Record extracts

▼

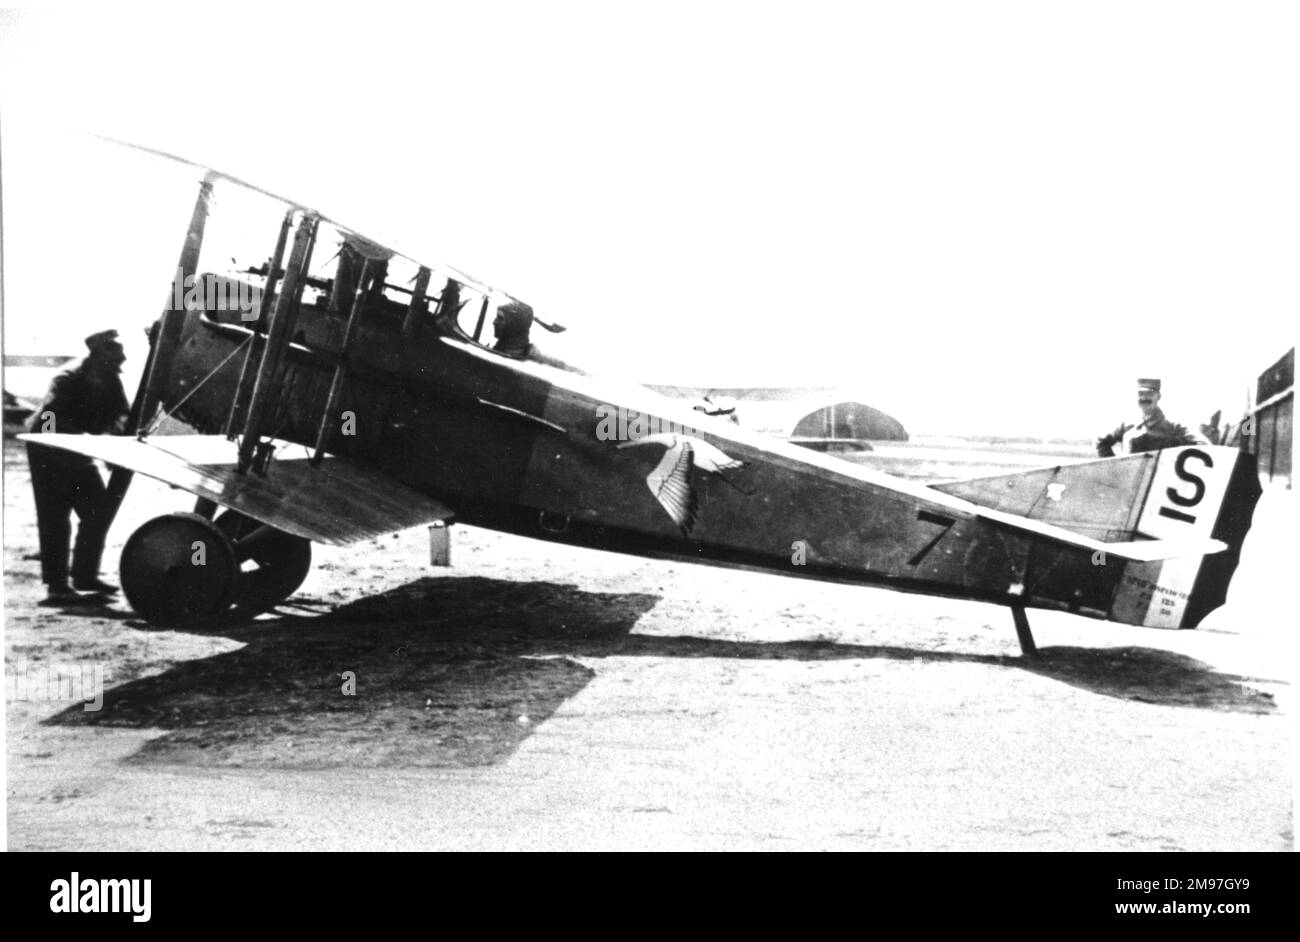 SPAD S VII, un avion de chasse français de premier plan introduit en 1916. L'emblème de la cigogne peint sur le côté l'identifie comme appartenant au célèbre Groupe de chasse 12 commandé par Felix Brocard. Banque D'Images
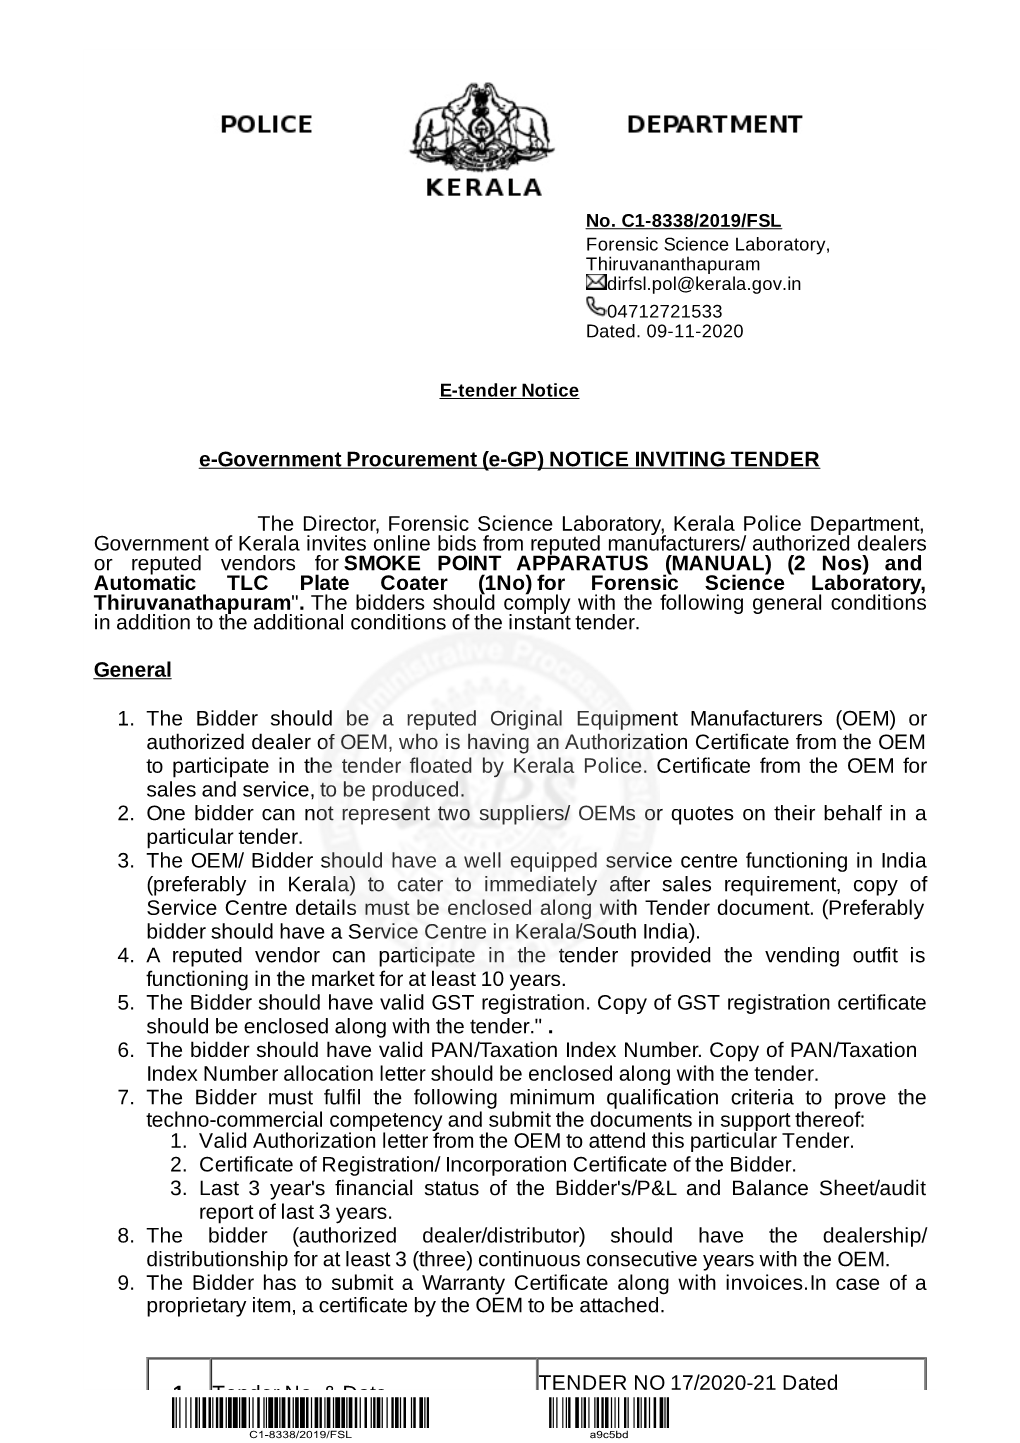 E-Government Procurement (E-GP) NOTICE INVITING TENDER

▲
▼

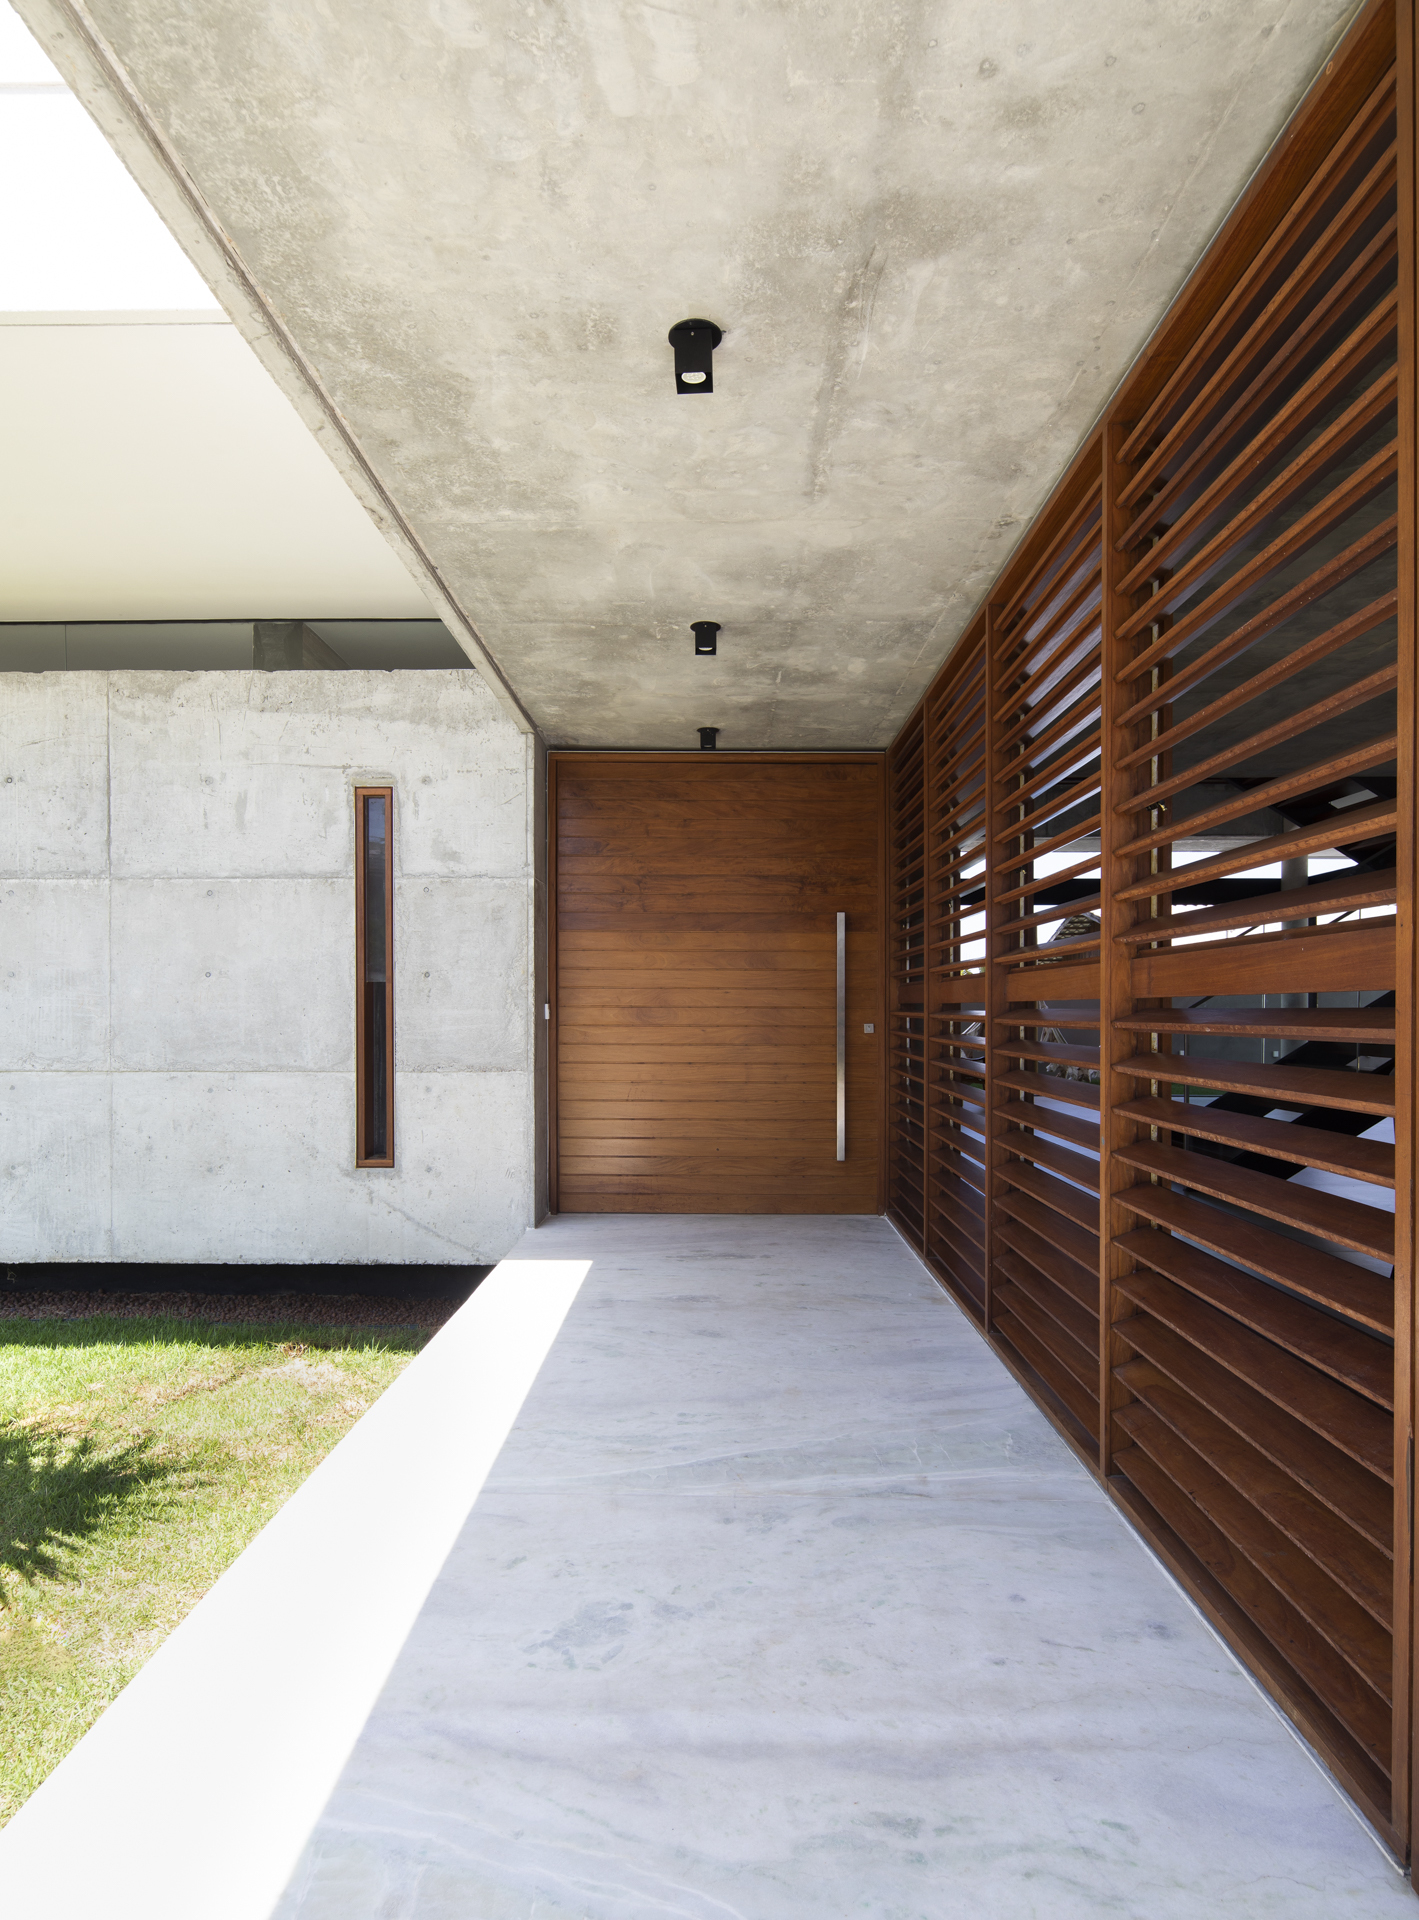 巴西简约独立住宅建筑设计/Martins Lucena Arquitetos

▲

About this task
Go back to the lines above and output, exactly as they stand, the ones from the line containing "SPAD S VII, un" to the line containing "E-Government Procurement (E-GP)". Leave all pictures behind.

The completed task
 SPAD S VII, un avion de chasse français de premier plan introduit en 1916. L'emblème de la cigogne peint sur le côté l'identifie comme appartenant au célèbre Groupe de chasse 12 commandé par Felix Brocard. Banque D'Images
 E-Government Procurement (E-GP) NOTICE INVITING TENDER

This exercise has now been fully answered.